Too easily impressed; she liked whate’er 

She looked on, and her looks went everywhere. 

Sir, ’twas all one! My favour at her breast, 

The dropping of the daylight in the West, 

The bough of cherries some officious fool 

Broke in the orchard for her, the white mule 

She rode with round the terrace—all and each 

Would draw from her alike the approving speech, 

Or blush, at least. She thanked men—good! but thanked 

Somehow—I know not how—as if she ranked 

My gift of a nine-hundred-years-old name 

With anybody’s gift.

In this passage, the Duke indeed reveals himself to be a total control-freak; in the next breath, he implies he had the Duchess killed for what he perceived was her insolence! Although the agent never speaks nor judges the Duke, we as readers eavesdrop on their conversation and are allowed to see in the Duke’s control of his wife (even over who he allows to view her portrait), that his obsession with being worshipped goes well beyond the matrimonial assumptions of his era. In this way, readers of the poem are being encouraged to understand the Duke’s explanations ironically, and through this, to grasp Browning’s Feminist denouncement of the Duke’s control and abuse of his wife.

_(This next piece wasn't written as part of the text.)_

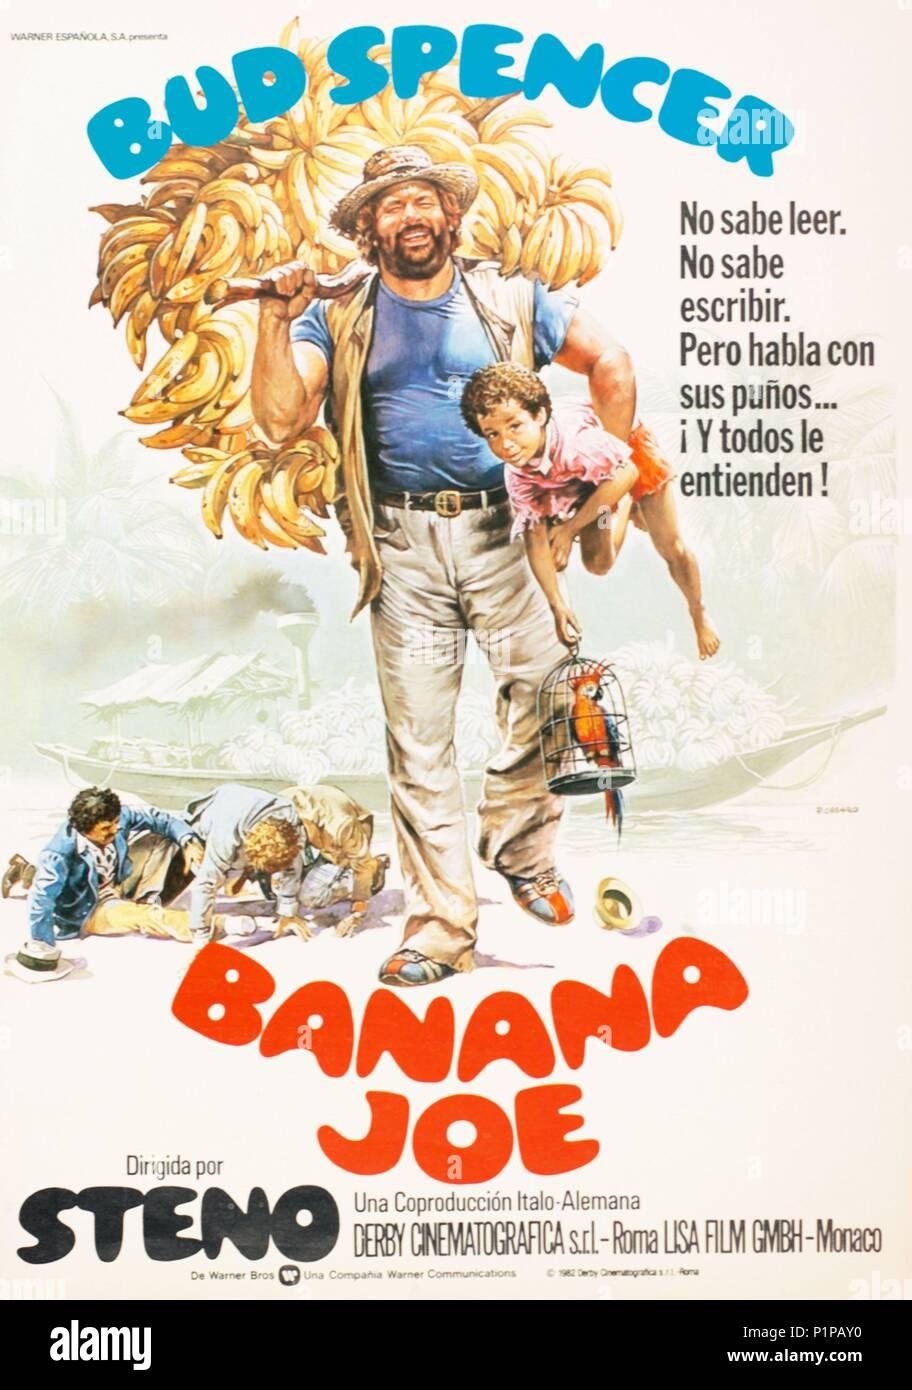 original-film-title-banana-joe-english-t

Browning’s update on the Dramatic Monologue went on to influence how the form was used by most 20th Century poets, from T.S. Eliot’s influential 1917 poem “The Love Song of J. Alfred Prufrock” to Sylvia Plath’s 1965 “Lady Lazarus” to Ai’s 1979 “Killing Floor” to Rita Dove’s 1980 “The House Slave.” Each of these very different poets recognized that the Dramatic Monologue allows the writer to imply ironic distance from a persona’s observations in the poem. As careful readers, we too recognize that we are being pushed to listen to the persona ironically, and just as with the Unreliable Narrator, share an understanding of the persona’s psychology along with the author, to which the persona remains blind, wrapped as he or she is in misperceptions and delusions about him or herself, other people, and the world.